Wednesday, June 4, 2008
Bring Back That Old-Time Religion
It warms the soul to read laments about the our nation’s wickedness for abandoning the “traditional Christian values, in which this country was founded upon,” to quote a recent letter to my local daily, which prints every signed missive that arrives and that a phone call might verify.
One traditional 18th Century Christian value was slavery. Through silence the Constitution ratified by the 13 states not only sanctioned slavery but also, for apportioning taxes and congressional representation, graciously counted each slave as three-fifths of a human.

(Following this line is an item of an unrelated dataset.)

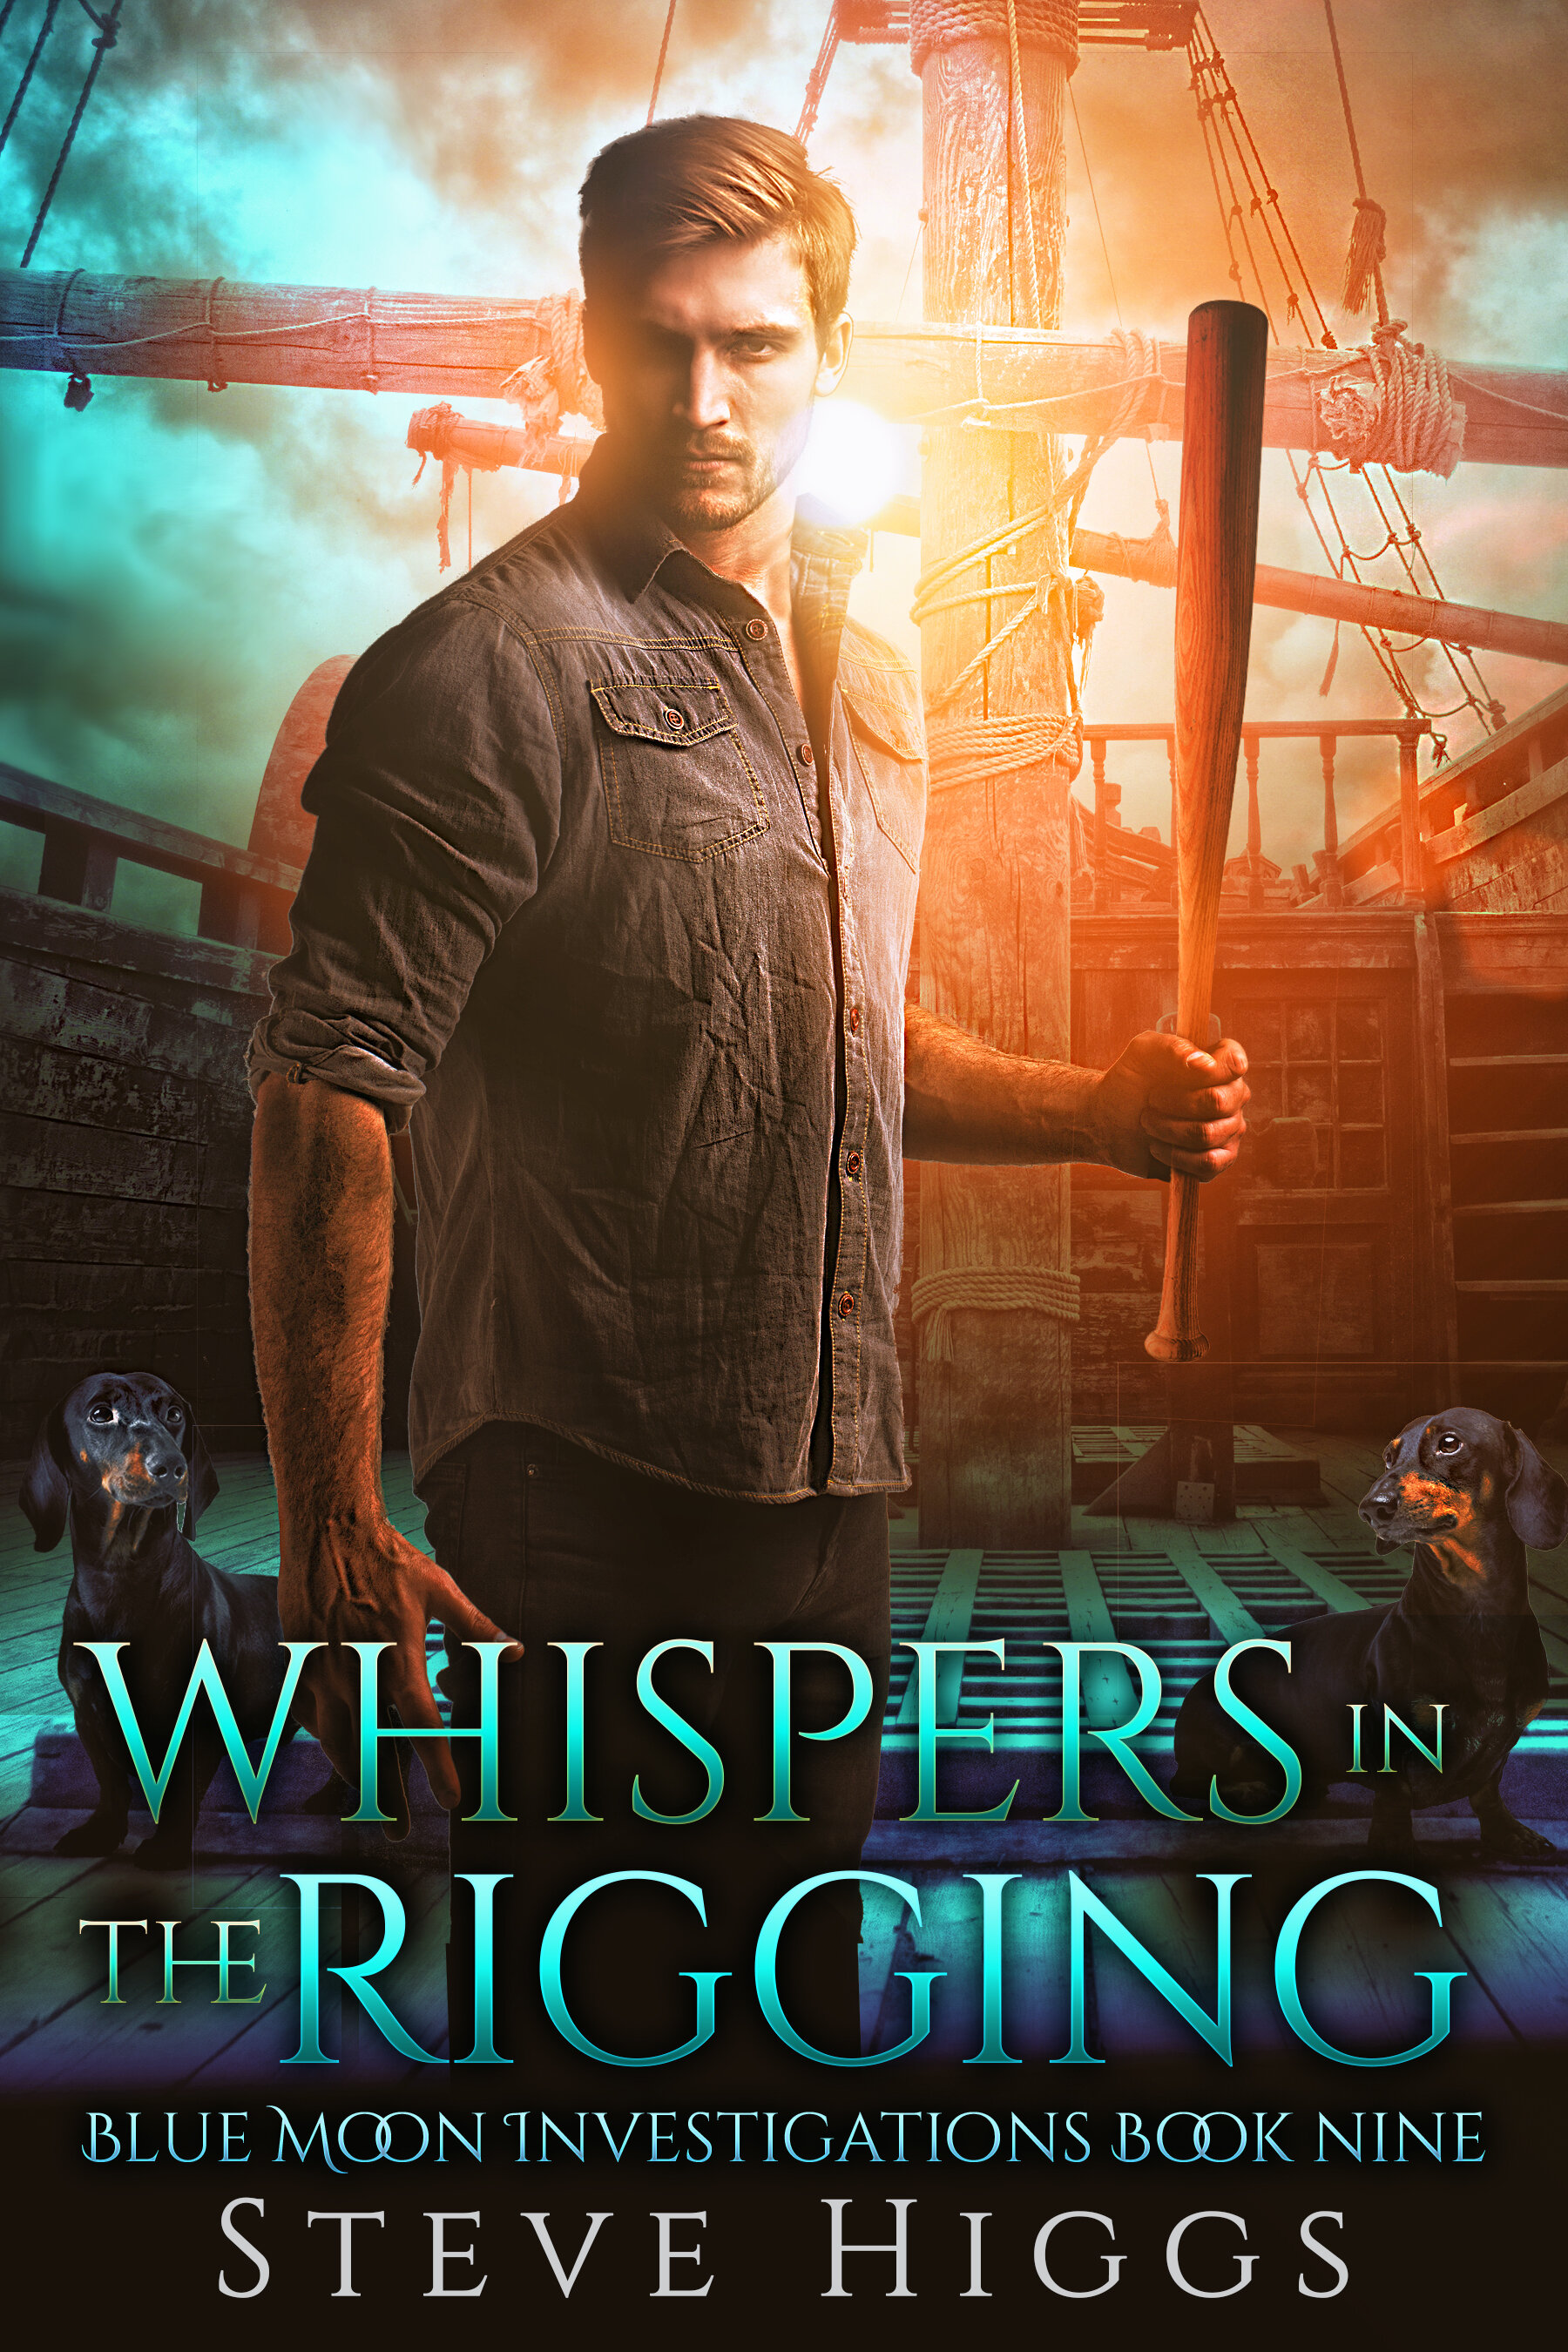 Steve Higgs - Whispers in the Rigging – Blue Moon Investigations Book 2.jpg

This was not just a sop for the South but also for parts of the North, where many such 60-percent persons toiled in bondage.
In the slave colonies fervent divines of most Christian stripes (but not Quaker) preached that God had willed some people to be slaves and others to be slave owners and both should be thankful for it.
The nation’s largest Protestant domination, the Southern Baptists, did not formally give up finding Biblical justification for slavery until 1995.
(They still find Biblical justification for subjugating wives to husbands. It’s no wonder they oppose homosexual marriages, for in those jointures which partner would subjugate the other?)
Indeed, another founding traditional Christian value denied women the right to vote or hold legislative or other high office and in many jurisdictions the right to own property in their own names. Today’s semi-emancipation of women has helped lead us to where we are, ethically speaking.
Yet another 18th Century value was forcing children, often as young as five, to labor in coal and other mines, in factories, on farms, and as indentured servants leased out to strangers, for five and ten-year terms.
When the nation formed, few religious took umbrage at hanging six and seven year olds for picking pockets or stealing bread or at giving them a good skin-stripping flogging before tossing them into prisons to amuse sexually deprived adult felons.
No doubt the reinstitution of all these spiritually salubrious practices would improve our country’s morals.
Certainly Republican candidates and office holders see that. They call frequently for larding the federal and state judiciaries with judges who will uphold the morals of the Founding Fathers (not of no-account Founding Mothers, of course): Slavery, child labor, female bondage and like virtues.
Eight will get you five, when the Republican convention opens, before 15 minutes is up, the keynote speaker will be pounding the podium about the values of the nation in 1787 and how we must go back them; and across the land the heads of the millions of constitutional experts who people this country (most have never read the Constitution and therefore keep a pure mind about it) will bob up and down in agreement before their TV sets.
Bring back the past. Make it our future.